Since lag function does not go with proc sql, is there an equivalent one for sum function. I appreciate if any one who can help to sum the doses between each unique category dates (N.B. for each unique id, the sum of doses (of date_exposed var) between each unique catgeory_dates)?

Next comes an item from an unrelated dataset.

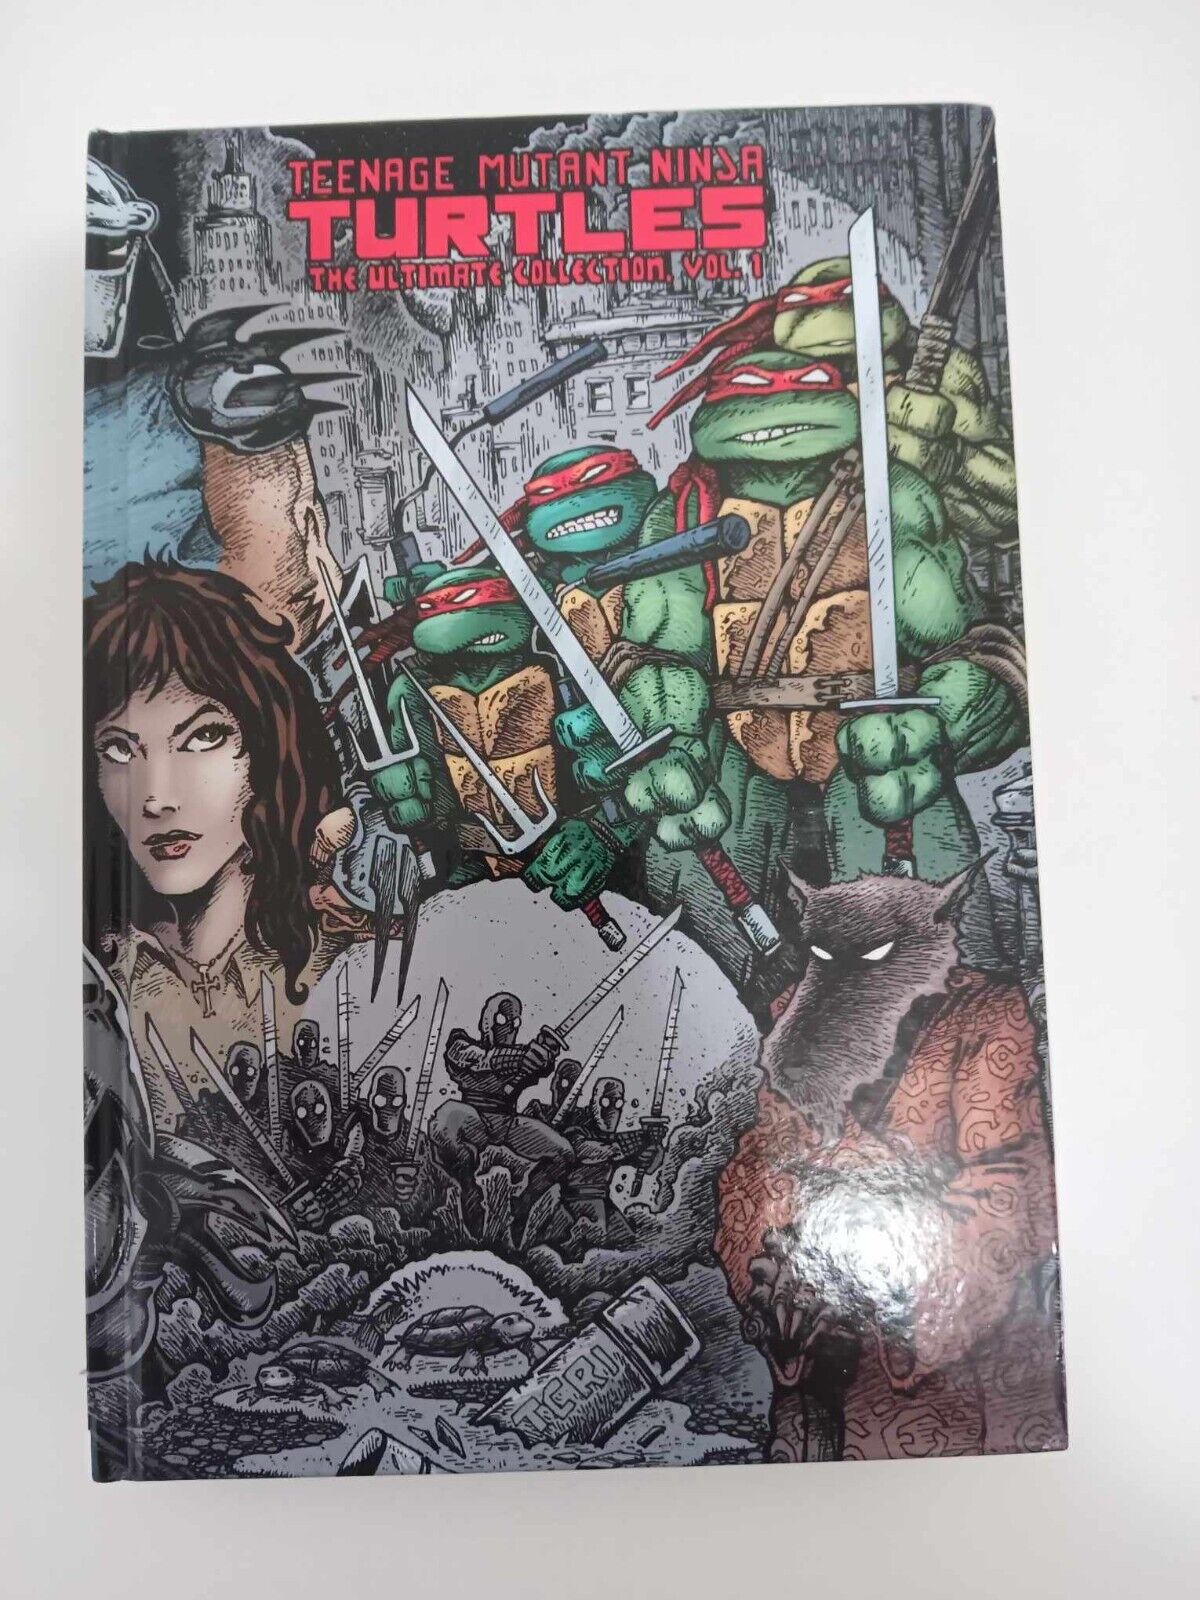 Teenage Mutant Ninja Turtles: The Ultimate Collection Vol 1 Hardcover IDW Book

Here is the data have and want -
data have;
input ID category date_category date_exposed dose ;
format date_category date_exposed date9.;
cards;
1 0 10JUL2017 10Jan2016 15
1 0 10JUL2017 21Jan2016 7.5
1 0 10JUL2017 22Jan2016 10
1 0 10JUL2017 27Jan2016 100
1 2 10JUL2018 5AUG2017 100
1 2 10JUL2018 15AUG2017 80
1 2 10JUL2018 25AUG2017 10
1 2 10JUL2018 25JUN2018 100
1 3 10JUL2019 15AUG2018 10
1 3 10JUL2019 15AUG2018 140
1 4 10JUL2020 15AUG2020 140
1 4 10JUL2019 15AUG2020 50
2 0 10JUL2017 10Jan2016 15
2 0 10JUL2017 10Jan2016 15
2 0 10JUL2017 10Jan2016 15
2 1 10JUL2018 10AUG2017 15
2 1 10JUL2018 20AUG2017 5
2 1 10JUL2018 20Jan2018 15
2 2 10JUL2019 20Jan2019 5
2 2 10JUL2019 20Jan2019 12
2 2 10JUL2019 20FEB2019 12
;
data want;
input ID category date_category sum ;
format date_category date9.;
cards;
1 0 10JUL2017 .
1 2 10JUL2018 290
1 3 10JUL2019 150
1 4 10JUL2020 0
2 0 10JUL2017 -
2 1 10JUL2018 35
2 2 10JUL2019 29
;
Thanks,
Testing the code that you post is NOT a crime, it's a basic courtesy with regards to those that are supposed to help you.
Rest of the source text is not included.